Although I am no stranger to rooting for a good blockbuster, I also like to put the spotlight on low-budget films that should have had more of an impact when they were originally released on the big screen. Happy Texas, a Sundance Film Festival favorite, is one such film. Maybe its screenings weren't jam-packed because no one really knew what the film was about, or even that it was out. Or, maybe those who did catch the trailer wrongly perceived it (unfairly) to be a gay or homophobic film. Mark Illsley's comedy is fairly unoriginal, predictable at times, and certainly not perfect. But, it's also a sweet and highly entertaining film that will satisfy those who are looking for a two-hour diversion.

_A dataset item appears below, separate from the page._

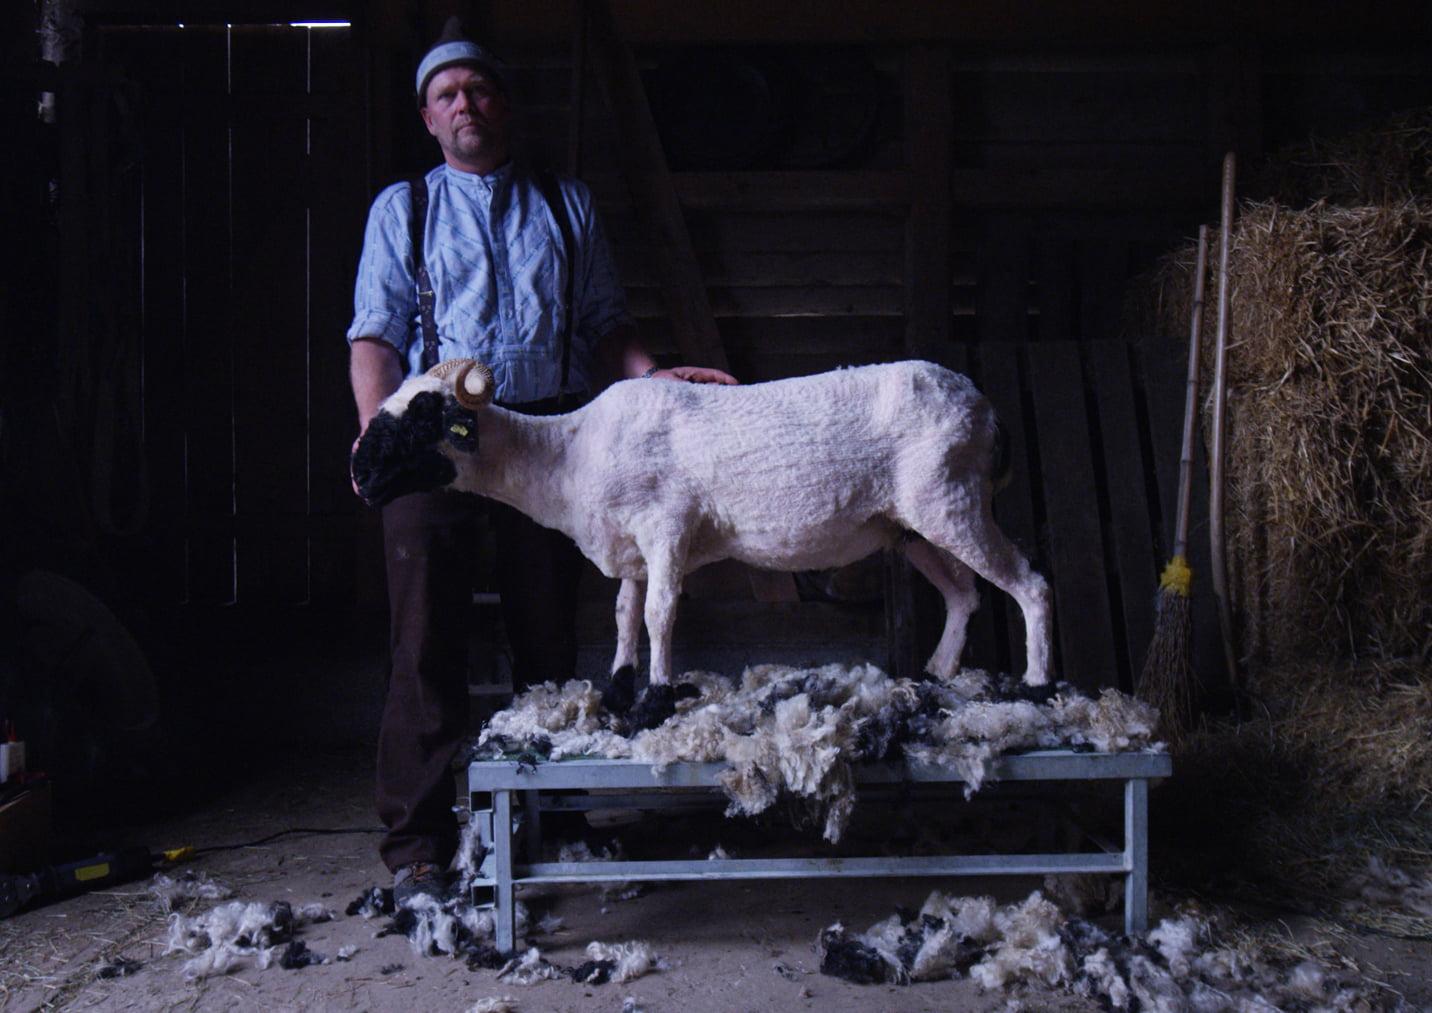 Swisswool Heinz Brog vor fertig geschertem Schaf in Stall

You've seen this theme played out before: mistaken identity and playing it as far as one can in a small town where everyone knows your name. Elements of this played out about ten years ago when Michael J. Fox charmed Julie Warner in Doc Hollywood, and most recently in the under-appreciated Mumford. The classic Some Like It Hot also played this premise for many a laugh, and others will follow in the years to come. Of course, you know what's going on, but you won't mind it a bit wanting to join in on the fun for as long as it lasts in a movie that's about as screwball as Lone Star was serious.

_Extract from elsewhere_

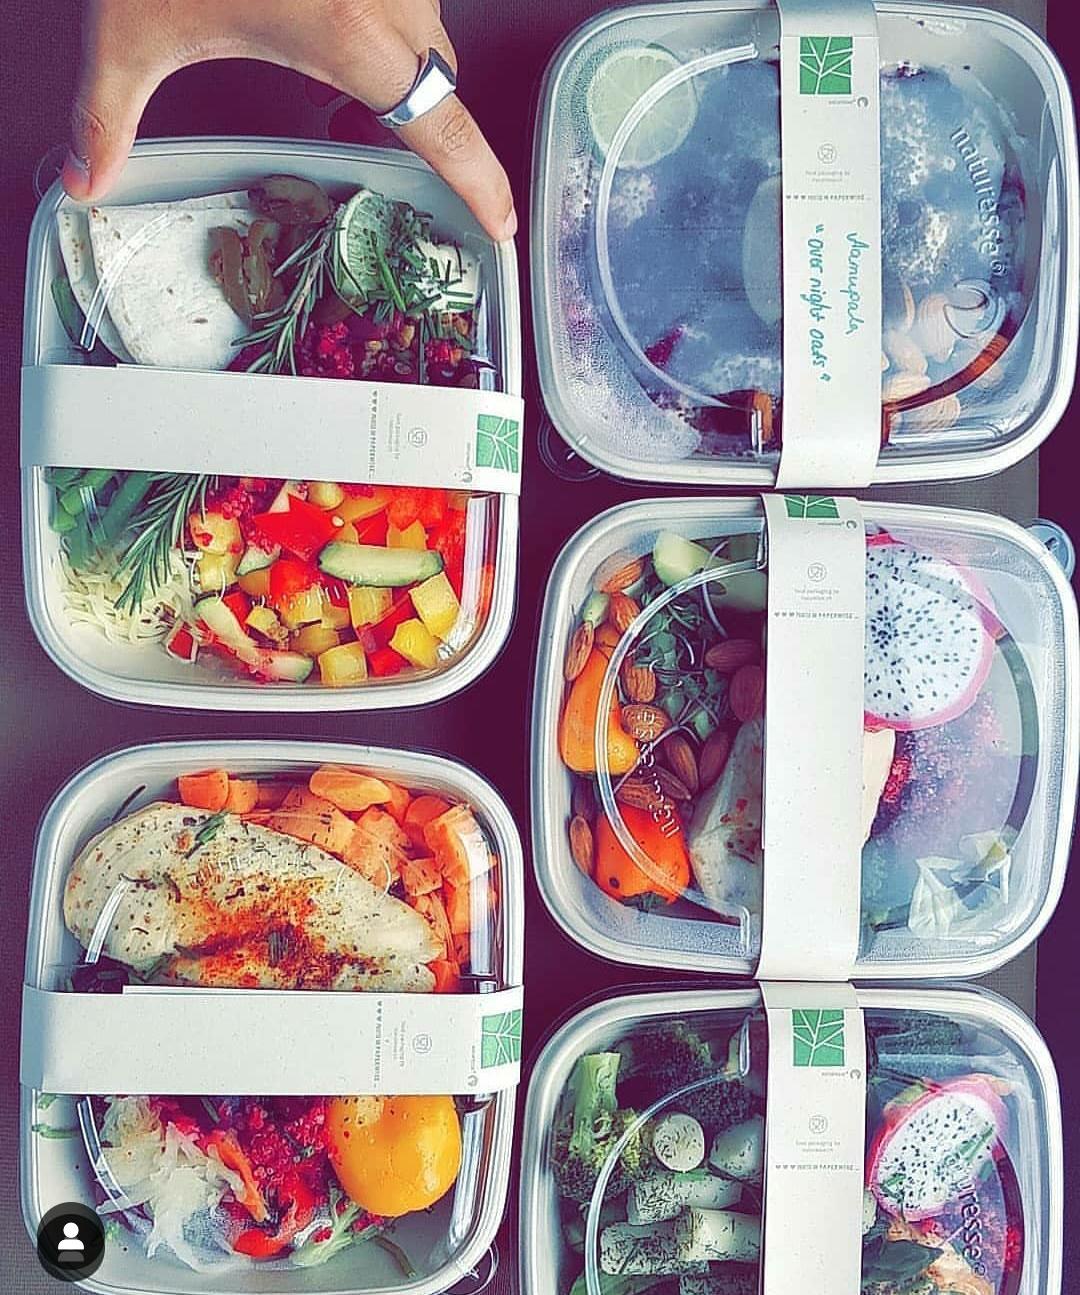 18 Meals custom made

What we've got here is the Bud Abbott and Lou Costello of escaped cons. Period-piece fixture Jeremy Northam (An Ideal Husband and The Winslow Boy) sheds his pre-20th century attire to play straight man/con man Harry Sawyer. Harry's on the run with his partner in crime and the film's comedy relief: Wayne Wayne Wayne Jr. (Out of Sight player Steve Zahn).

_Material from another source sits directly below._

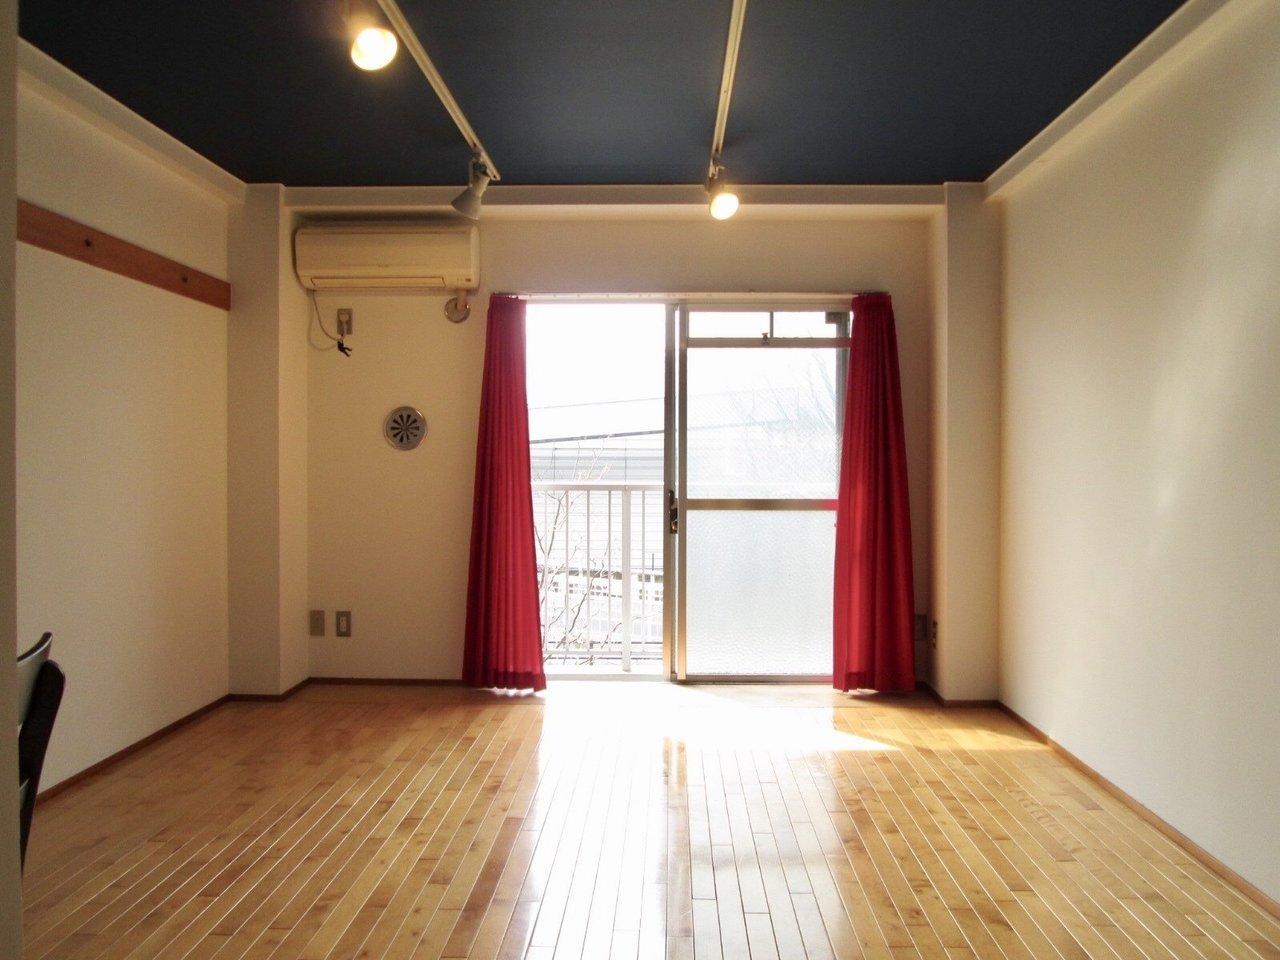 goodroomで「ライティングレール」のある部屋を検索

After stealing a large set of wheels, the pair winds up in Happy, Texas where they are mistaken for gay beauty pageant consultants expected to help the little girls of Happy win a heavily promoted talent contest. As expected, the bumbling duo plays along to keep the pressure off. Wayne takes the lead in trying to shape up these young future stars while welcoming the playful advances of their teacher, Ms. Schaefer (veteran Illeana Douglas, who deserves more attention for her consistently solid work). Meanwhile, Harry is zeroing in on a golden opportunity to rob the town's bank. Love interest and an unwelcome intrustion from the past - psycho Bob - complicate things even further.

Happy Texas works because of the fine work of the established ensemble cast (particularly Zahn). Everyone was pretty likable and believable in his or her respective role, and I bought the romantic pairings (quirky and odd as they were). Not only were the romantic sparks funny, but the two lead's limited time together onscreen (the movie basically split the two up into two different, ongoing segments) produced plenty of smiles if not laughs. It was funny to see the two react when they first find out who they are mistaken for and just as funny seeing them go through the motions in trying to turn these adorable young ladies into champions. This is about the point where Zahn takes over the film as his dopey but lovable character takes the most unorthodox steps in teaching the girls discipline and etiquette, among other things.

Did I mention that besides psycho Bob, the federal authorities (led by a priceless Ron Perlman) are also in hot pursuit Fugitive-style? All this adds up to some playful mischief, mayhem and a whole lot of fun that is certainly not meant to offend anyone and is bound to entertain almost everyone.